There was a new challenge ahead. Moving over 10 million images from a single Linux machine to the Cloud.
It was quite a daunting task to move so many files from a running production server to the cloud. Before I will start digging into the technical part I would first like to explain why it was necessary.
The single Linux server for media storage is, of course, a small practice. It’s a single point of failure, plus we needed to add disk space ourselves as the data set kept growing. We also needed to keep the old data because it was used on the website.
Before the start of the project, there was about 1.5 TB of images stored on this server. Mostly Roomstyler 3D images. The thumbnails for these images were created on the fly and cached on the same machine, but they were stored on a separate disk.
The main problem, next to upload all those files to the Cloud, was generating thumbnails for all these images. S3 does not support on the fly thumbnailing and we didn’t want a extra server running only for generating thumbs. We decided we needed to upload all the images to S3 plus generate thumbnails for them.
For most images, we decided we needed two different size thumbnails, which would mean we needed to store over 30 million files in the Cloud.
Creating the worker
First I decided on how to upload all these files to the Cloud. I looked online for help but didn’t find any good results. I decided to go my own way and do it on my own. I knew it would take some time so I would need a background service to process all the images. Since I’m familiar with Ruby I choose Rails + Sidekiq.
I set up a new server on AWS and connected the media disk with NFS. I installed Rails and Sidekiq and wrote a simple worker to upload an image to S3 by specifying a path to a file on the media disk. Because the workers were accessing the disk a lot. I limited the process to four simultaneous processes. I tried to change the numbers around, but four was just about the right number to not run out of memory.
Thumbnailing JPEGs fast, faster, fastest
As most images were JPEG, I needed a tool to thumbnail JPEGs really quick. I found a library called EPEG, an insanely fast JPEG modification library, which makes use of libjpeg, a Linux image library for JPEG. I also found a Ruby library for it, which I could use in the worker. By using a special algorithm it can compress JPEGs in mere milliseconds.
I also found out all the old images were uncompressed, by compressing the images by 10% resulted in a big change in their size, between 30 and 60 percent. I used the image_optimizer gem for it, which used the ‘jpegoptim’ Linux library for compressing images fast and painlessly.

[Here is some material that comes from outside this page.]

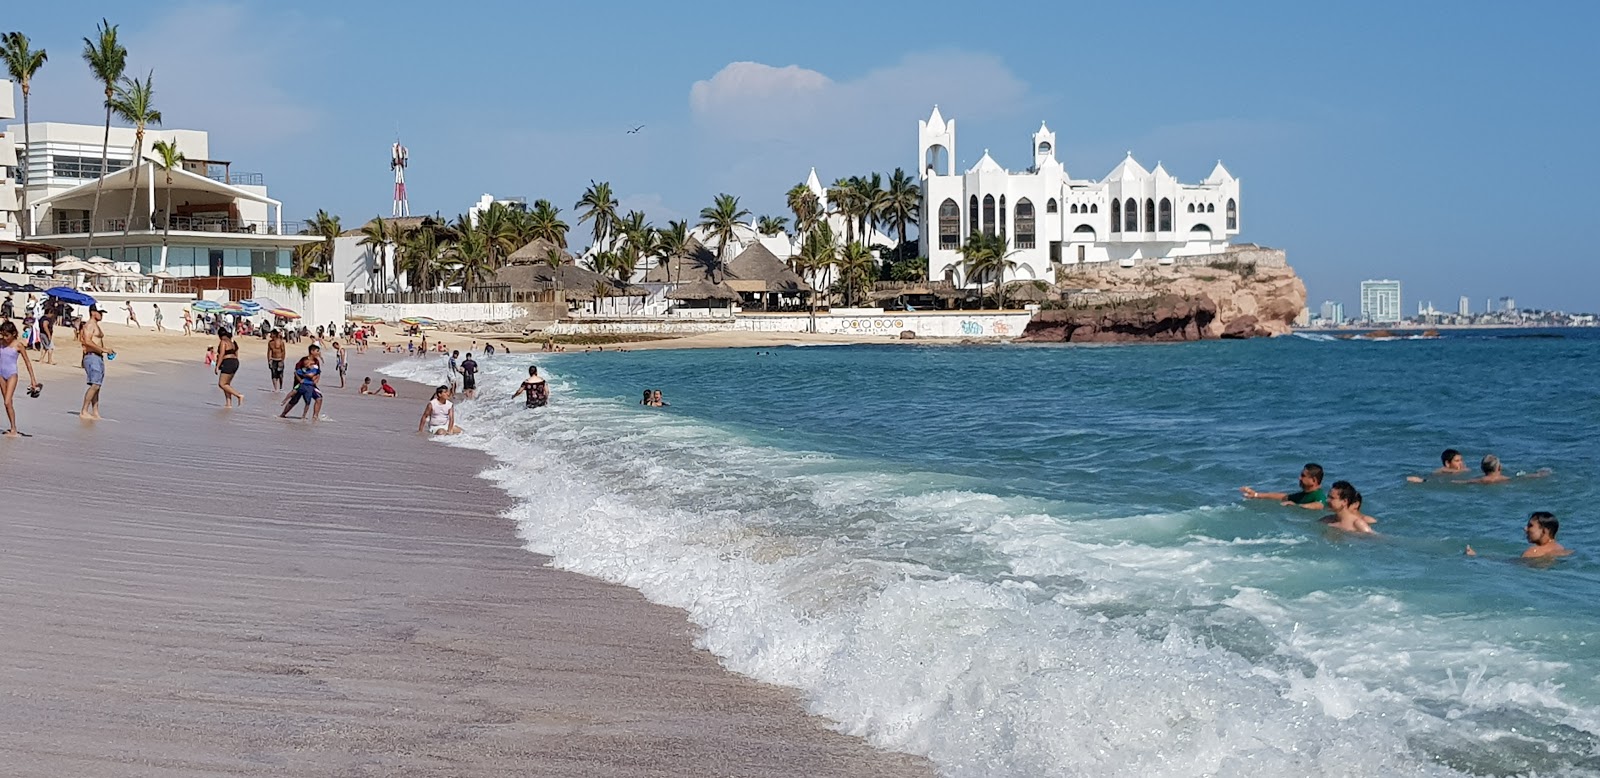 Foto de Gaviotas beach - lugar popular entre os apreciadores de relaxamento

There were also a couple of thousand PNG’s and GIF’s that needed to be thumbnailed and moved. I’ve used the good old, but the slow MiniMagick library for those cases.
Generating the big list
Retrieving a list of all the files on the disk was not as easy as I thought. Listing 10 million files from a single directory in Linux isn’t that easy. Plus sending all these files to the background processor would probably be a heavy duty task, which could take a long time and lot of memory.
I’ve found a way to list the files and put them into a big file. It took about 30 minutes to generate.
# Disable sorting and linebreak results ls -f1 &> files.list
Now that I have one big file. I would process each line with a Ruby script and insert it the path into the background job queue. Which looks a bit like this.
This took a lot of time but after three hours it was done. I started up the background manager so it could start processing. It worked! Until I encountered a file that was corrupt, causing all the worker processes to crash.
I needed to change something in the script and clear the queues. I needed to reimport all the 10 million paths again. I decided I needed more manageable data and decided to split up the big file. I went for 500.000 lines per file. Resulting in almost 20 split files.
# Splitting files by lines split -l 500000 files.list
Now importing them in the background job queue was much easier. And even after fixing a couple of more errors that occurred, it was much easier to work with smaller data sets.
Don’t forget the headers
After the whole process was complete I found out it was missing headers, which were used by our preview renderer. I needed to set the ‘Content-Type’ header for all the files. This is not possible in batches for S3. I found Python script by Dailymuse I altered to make it work for us. It took about 14 hours to run through all the files and set the content-type.
All in Time
It took me about a week to process all the images of the media disk. Sometimes the disk would slow down in peek periods on the website or when accessing a deteriorated disk. Here’s a breakdown of the time for the processes;
- 10ms for generating a single thumbnail
- 100ms for uploading the original image and it’s thumbnails
- 20 minutes for importing the filepaths into the background queue
- 6 hours for processing a single file with about 500.000 image paths
- 14 hours for adding the content-type header on the images
- 7 days for processing all the images
- Be sure to set the correct headers for files, it will save you a lot of time!
- Split large files up and execute in batches
- Sidekiq and Ruby are well suited for processing a large amount of small tasks
- Never underestimate the power of a good library, EPEG yea!